Important: The recovered job starts from scratch -- it does not resume from where it left off. If your job performs work that is not idempotent, you should design it to check for partial completion before proceeding.

Worst-case recovery time: orphan_scan_interval + orphan_grace_seconds. With defaults, this is 5 minutes + 60 seconds = ~6 minutes.

How Do I Migrate from Quartz?

Ratchet and Quartz have fundamentally different architectures. Quartz uses trigger-based scheduling with XML or programmatic job definitions. Ratchet uses lambda serialization and a pull-based poller.

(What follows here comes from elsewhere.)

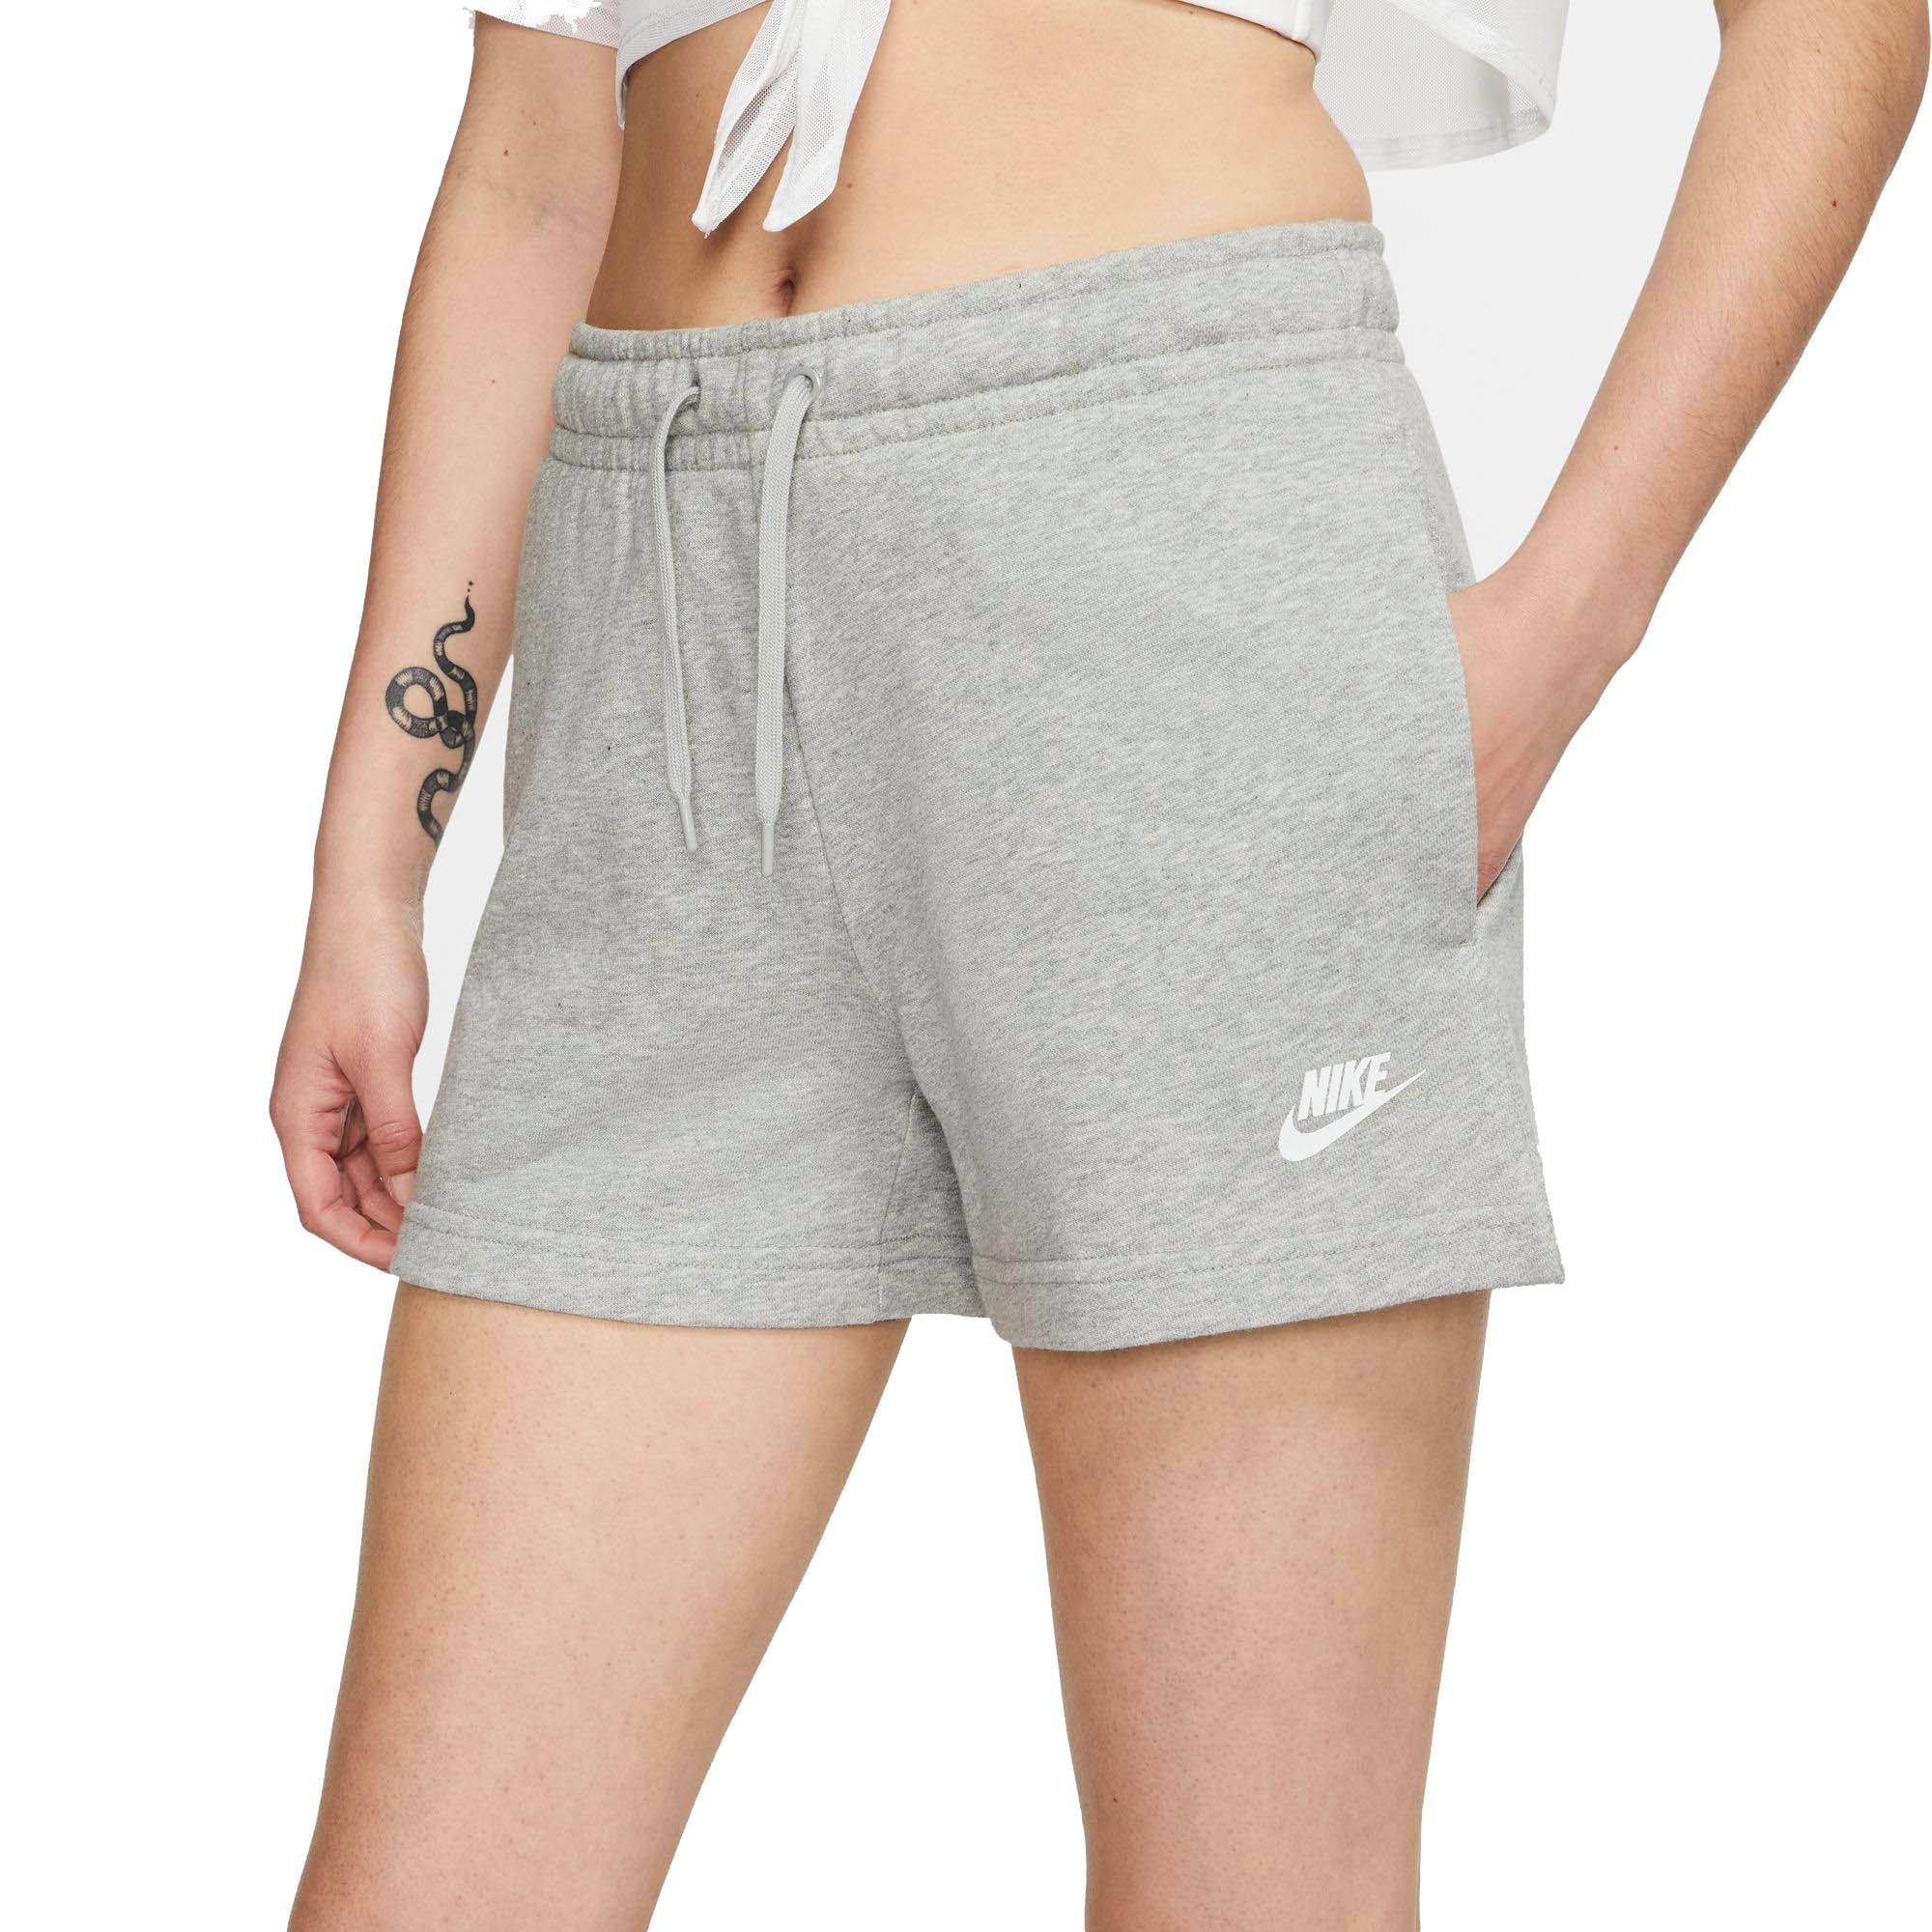 nike sportswear women's shorts
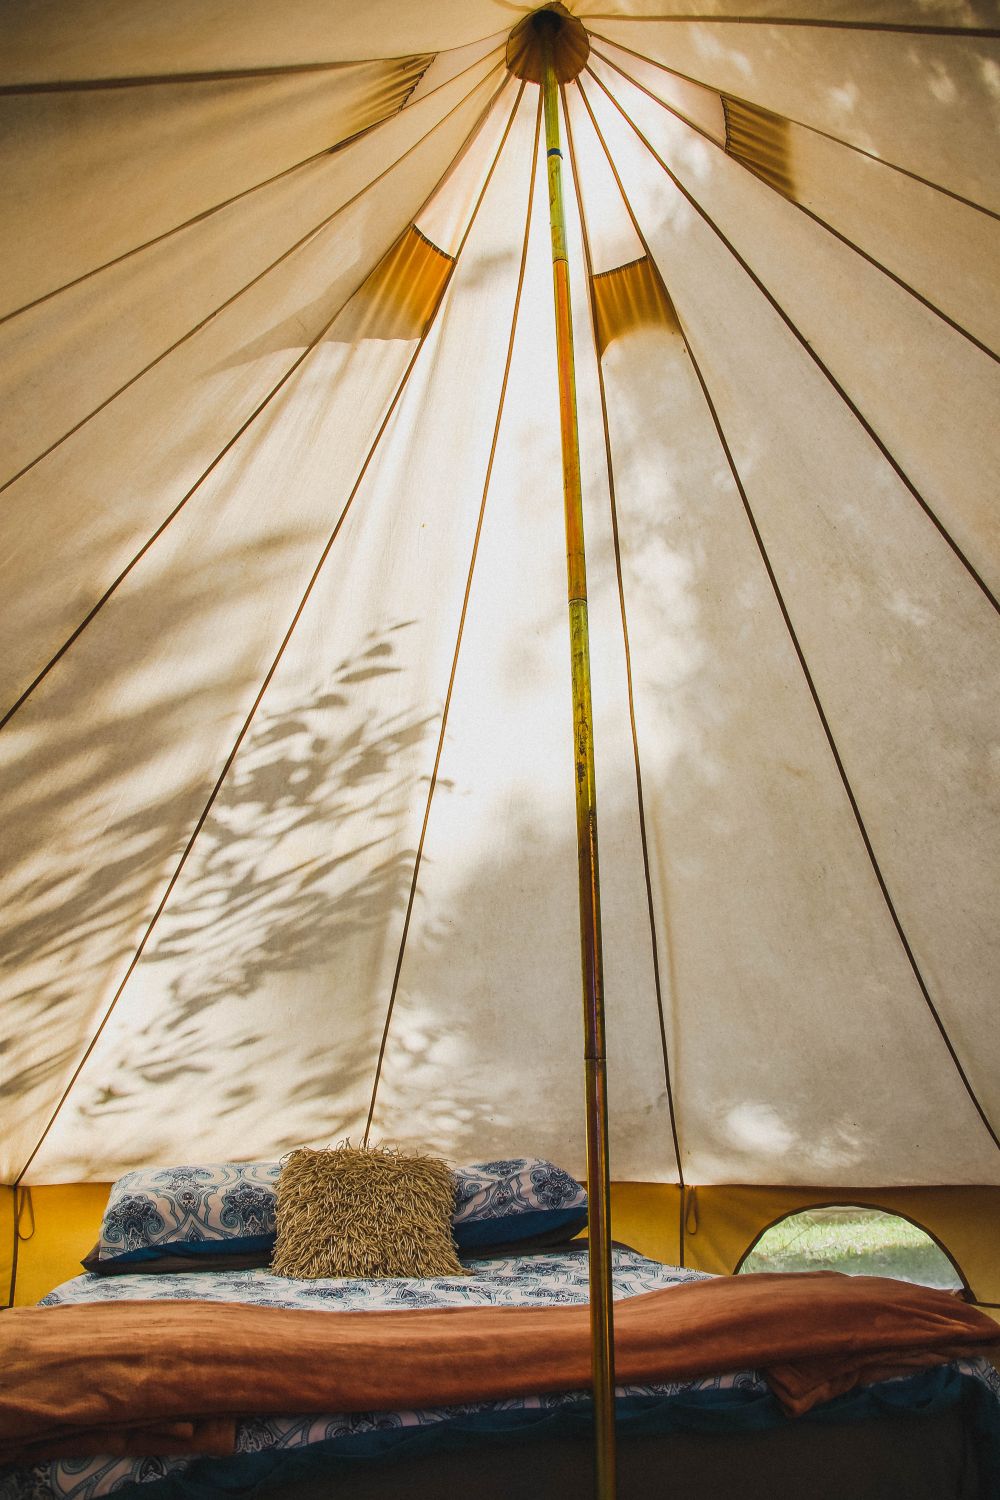 Behandl dit telt som dit ejet, når du benytter dig af teltudlejning

Key differences to address:

Quartz ConceptRatchet Equivalent
Job interface + execute(JobExecutionContext)Any CDI bean with public methods
@DisallowConcurrentExecutionResource permits (withResource())
CronTriggerscheduleRecurring() or @Recurring annotation
SimpleTrigger with repeatscheduleRecurring() with cron expression
JobDataMapJobBuilder.withParam() / JobContext.param()
JobStore (RAM/JDBC)ratchet-store-mysql, ratchet-store-postgresql, or ratchet-store-mongodb
Clustering via database locksBuilt-in atomic claim with optimistic locking
@PersistJobDataAfterExecutionJob results stored in job_result column

Migration steps:

  1. Replace Job implementations with CDI beans containing public methods
  2. Replace CronTrigger definitions with @Recurring annotations or scheduleRecurring() calls
  3. Replace JobDataMap usage with withParam() at submission and JobContext.param() at execution
  4. Replace Quartz tables with Ratchet DDL (the schemas are incompatible)
  5. Configure your ClassPolicy to allow your application packages

How Do I Migrate from jBeret?

jBeret implements the JSR 352 (Java Batch) specification with XML-based job definitions. Ratchet takes a code-first approach.

jBeret / JSR 352 ConceptRatchet Equivalent
job.xml with stepsCode-based chains and workflows
ItemReader / ItemProcessor / ItemWriterStreaming batches (streamingBatch())
@BatchPropertyJobBuilder.withParam()
JobOperator.start()scheduler.enqueue()
Partition mappingBatch builder with parallel children

Note: jBeret and Ratchet solve overlapping but different problems. jBeret focuses on ETL-style chunk processing with reader/processor/writer pipelines. Ratchet focuses on task scheduling with retry, circuit breaking, and workflow orchestration. For pure ETL workloads, jBeret may still be the better fit.

What Is the Overhead of the Circuit Breaker?

The built-in circuit breaker is lightweight by design:

  • CLOSED state (normal operation): One lock acquisition per call to update the sliding window ring buffer. This is a ReentrantLock held for microseconds -- negligible compared to any real job execution.
  • OPEN state: A single System.currentTimeMillis() comparison. No lock needed for the fast path.
  • Memory: One int[] array per circuit breaker instance (size = window size, default 100). Each unique service name gets its own instance.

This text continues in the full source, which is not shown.